Here’s where we lean into both science and humility—because the full picture isn’t completely understood yet.
Current research suggests D-MER is linked to hormonal shifts, specifically involving dopamine. As your body releases oxytocin to trigger milk letdown, dopamine levels drop. For some mothers, that drop may be more abrupt or intense, leading to a temporary emotional crash.Similar to postpartum mood and anxiety disorders (PMADs), D-MER is suspected to be hormonally driven, even though there is no single agreed-upon cause yet.

Is D-Mer Actually “Real”?
Yes—D-MER is documented in medical literature and recognized by organizations like the National Institutes of Health.
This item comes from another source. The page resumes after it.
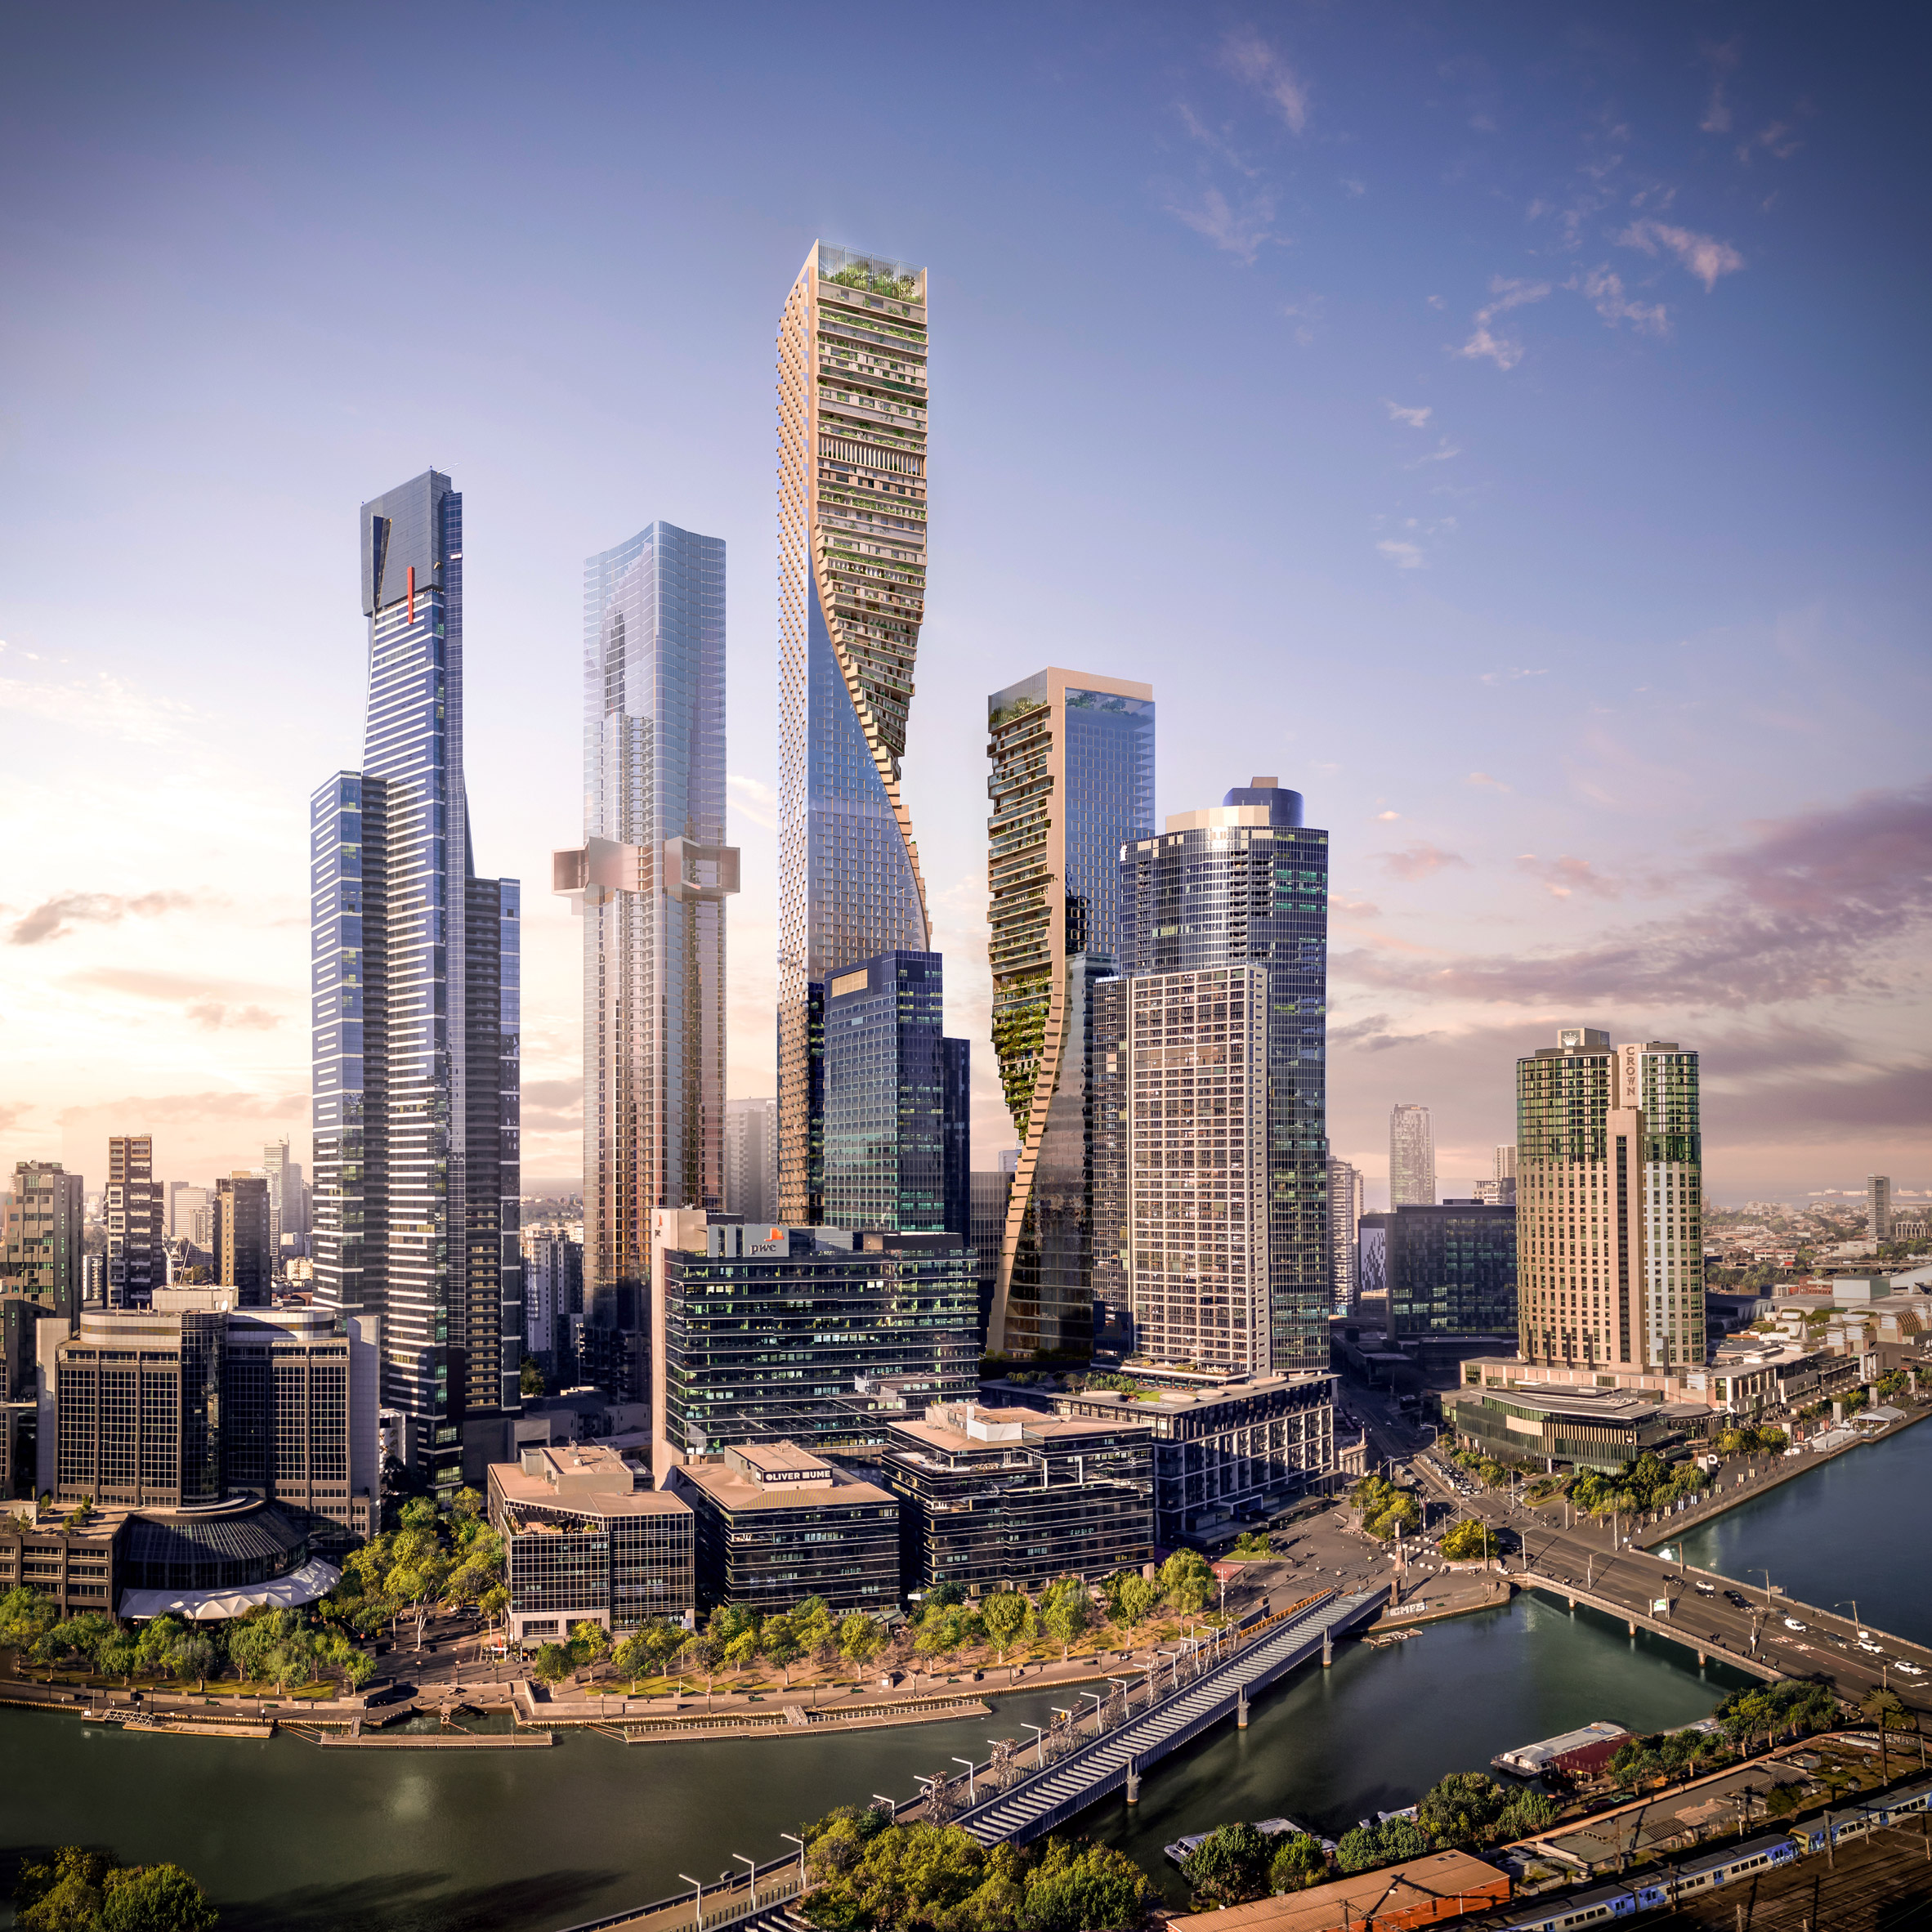 メルボルンのsouthbankプロジェクトはオーストラリア最高の365mの超高層ビル Re Urbanization 再都市化

However, it is still under-researched and not universally diagnosed, which is why so many mothers feel confused or dismissed when they try to explain their experience.
But here’s what matters:
The pattern is consistent
The experience is shared by many mothers
And it has a physiological basis
You are not making this up.

How Common is it?
Current estimates suggest around 5–9% of breastfeeding mothers experience D-MER. But in my work with families, I strongly believe it’s underreported. Many moms:

  • Don’t have language for what they’re feeling

  • Assume something is “wrong” with them

  • Or are told to just push through

And let’s be clear: Common does not equal normal—or something you have to suffer through alone.

How long does it last?
Each emotional wave typically lasts: 30 seconds to 2 minutes
Over time, many mothers find that:

  • Symptoms lessen

  • Episodes become more manageable

  • Or resolve completely before weaning

But for some, it can persist throughout breastfeeding.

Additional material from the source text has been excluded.